*TASK REQUIREMENTS:* In the records below, repeat word for word only the lines starting at the one that contains "Come and Play" and ending at the one that contains "Grafana Dashboard - ResponseTime, Connection", pictures excluded.

*RECORDED DATA:*
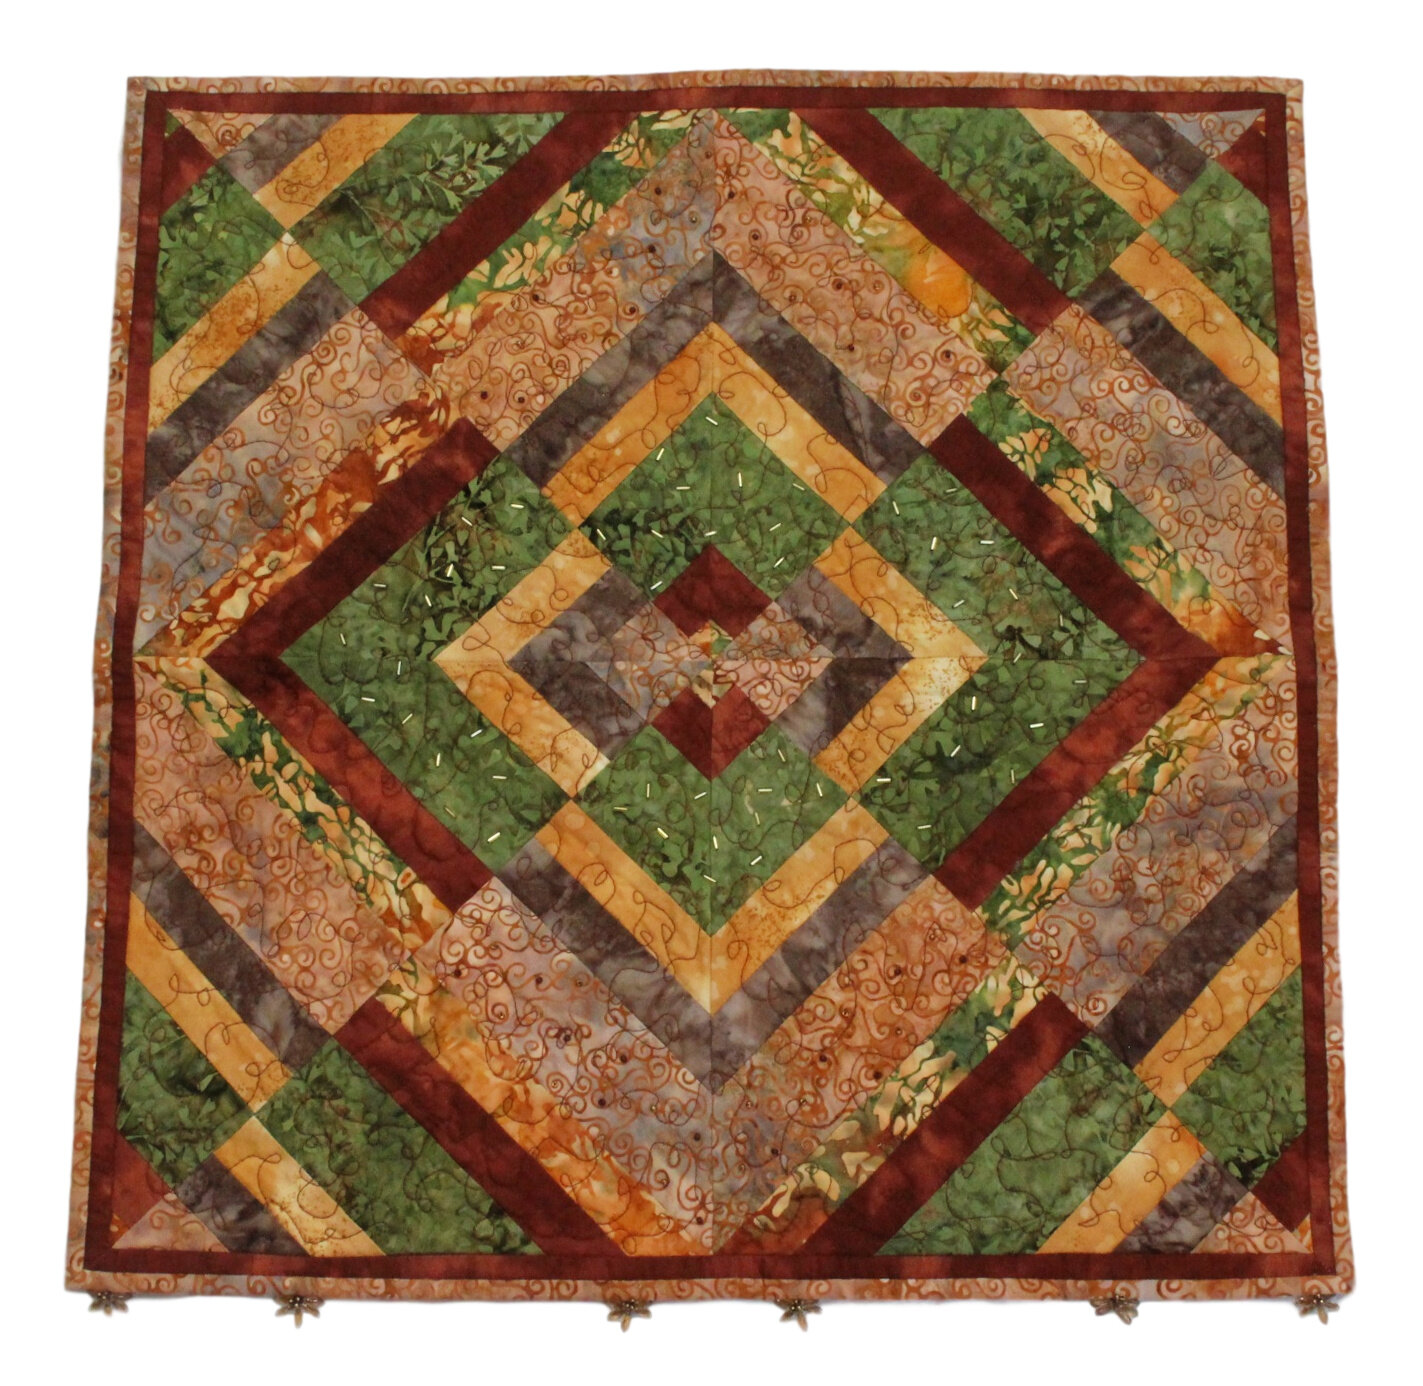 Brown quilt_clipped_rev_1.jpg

* * *

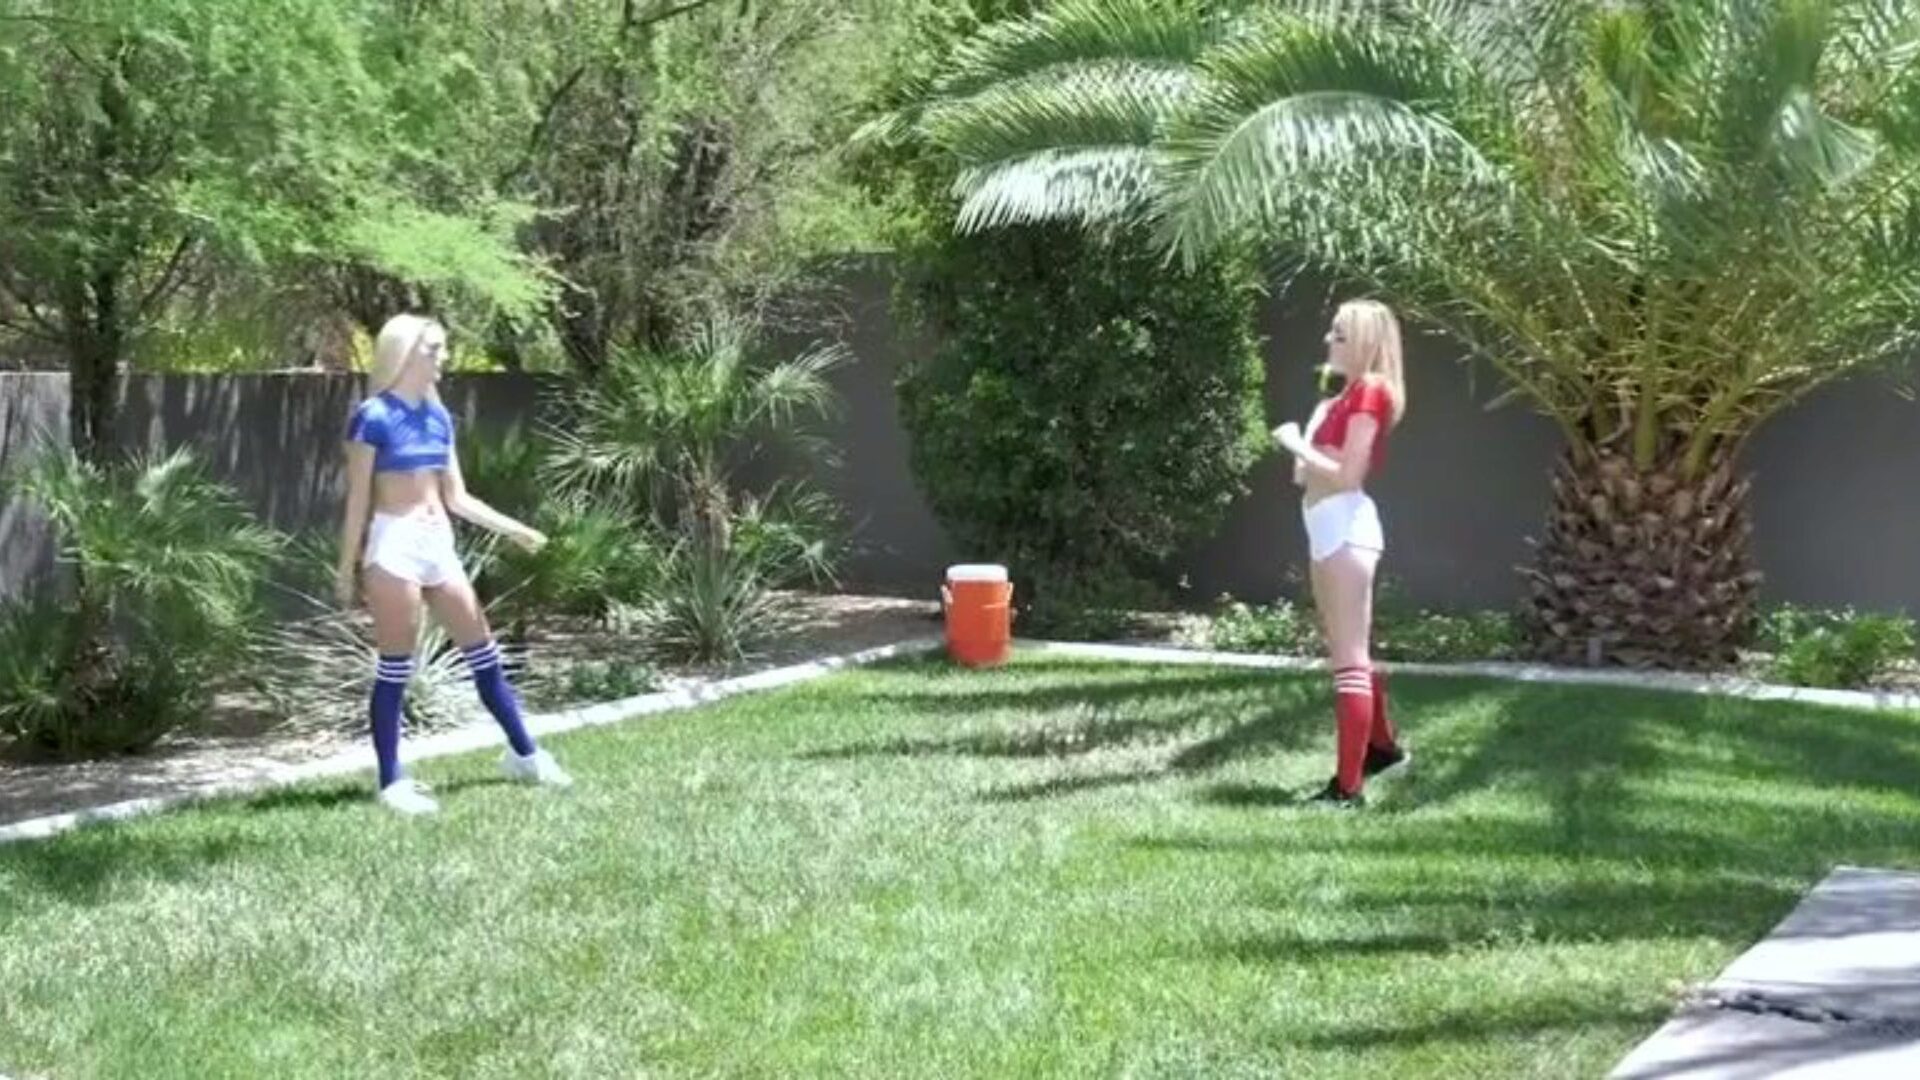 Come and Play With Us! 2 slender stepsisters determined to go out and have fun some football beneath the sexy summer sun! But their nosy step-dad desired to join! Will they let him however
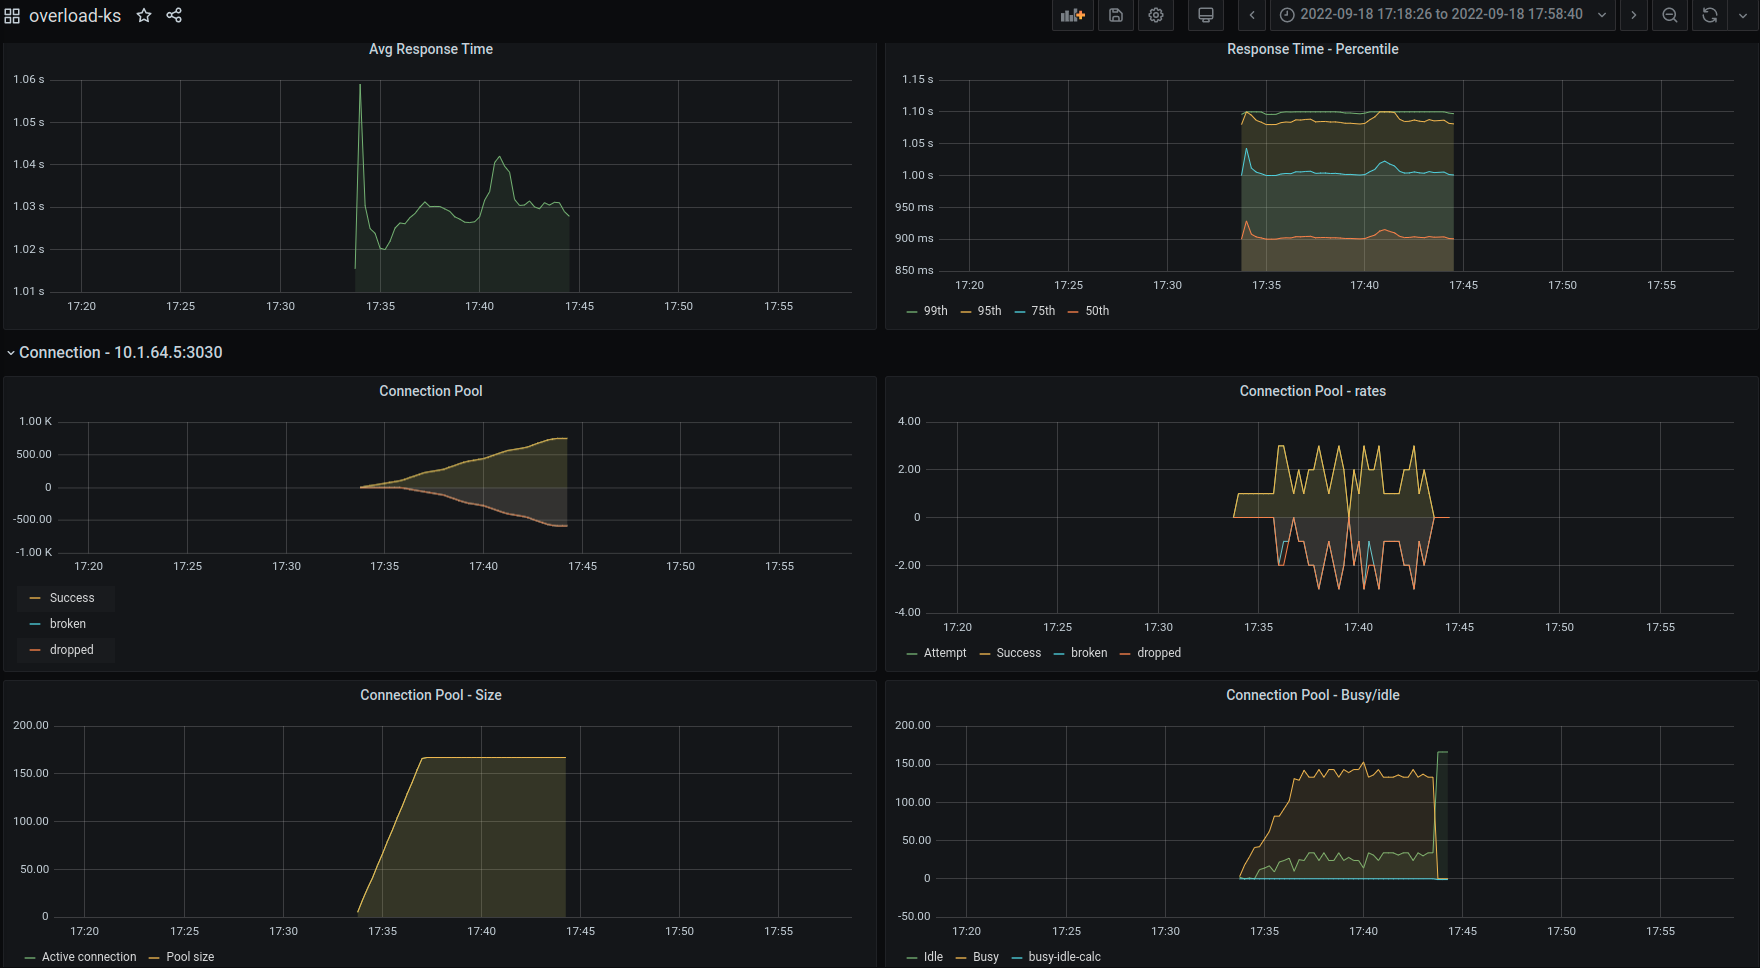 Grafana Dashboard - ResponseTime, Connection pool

==

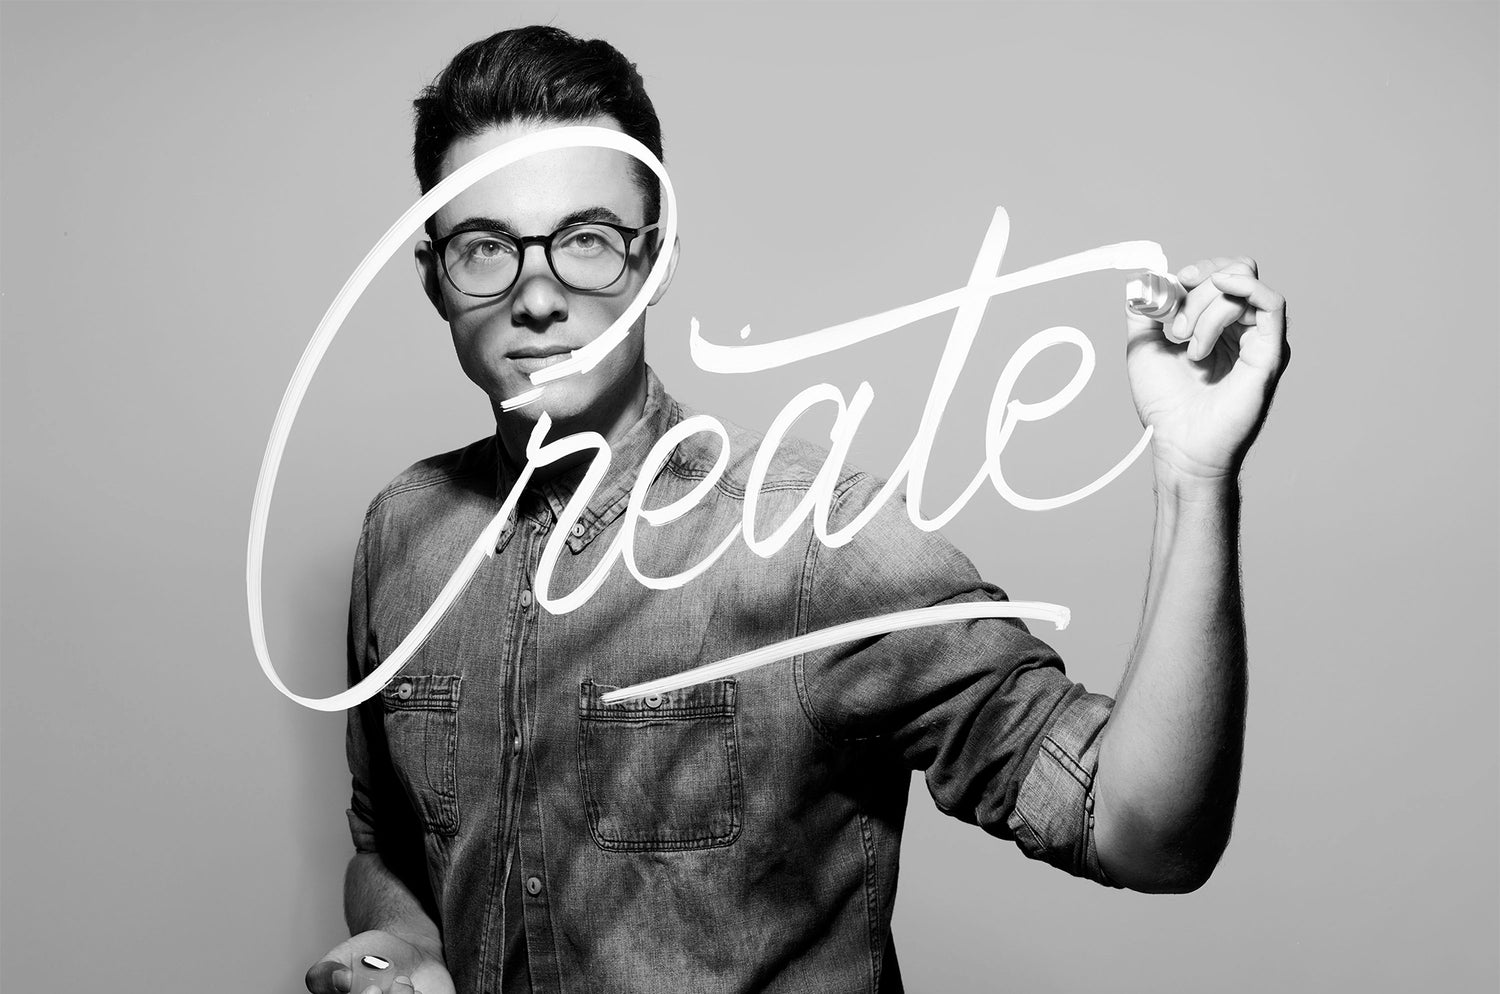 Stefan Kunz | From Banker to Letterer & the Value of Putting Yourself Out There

*SOLUTION TO THIS PROBLEM:*
 Come and Play With Us! 2 slender stepsisters determined to go out and have fun some football beneath the sexy summer sun! But their nosy step-dad desired to join! Will they let him however
 Grafana Dashboard - ResponseTime, Connection pool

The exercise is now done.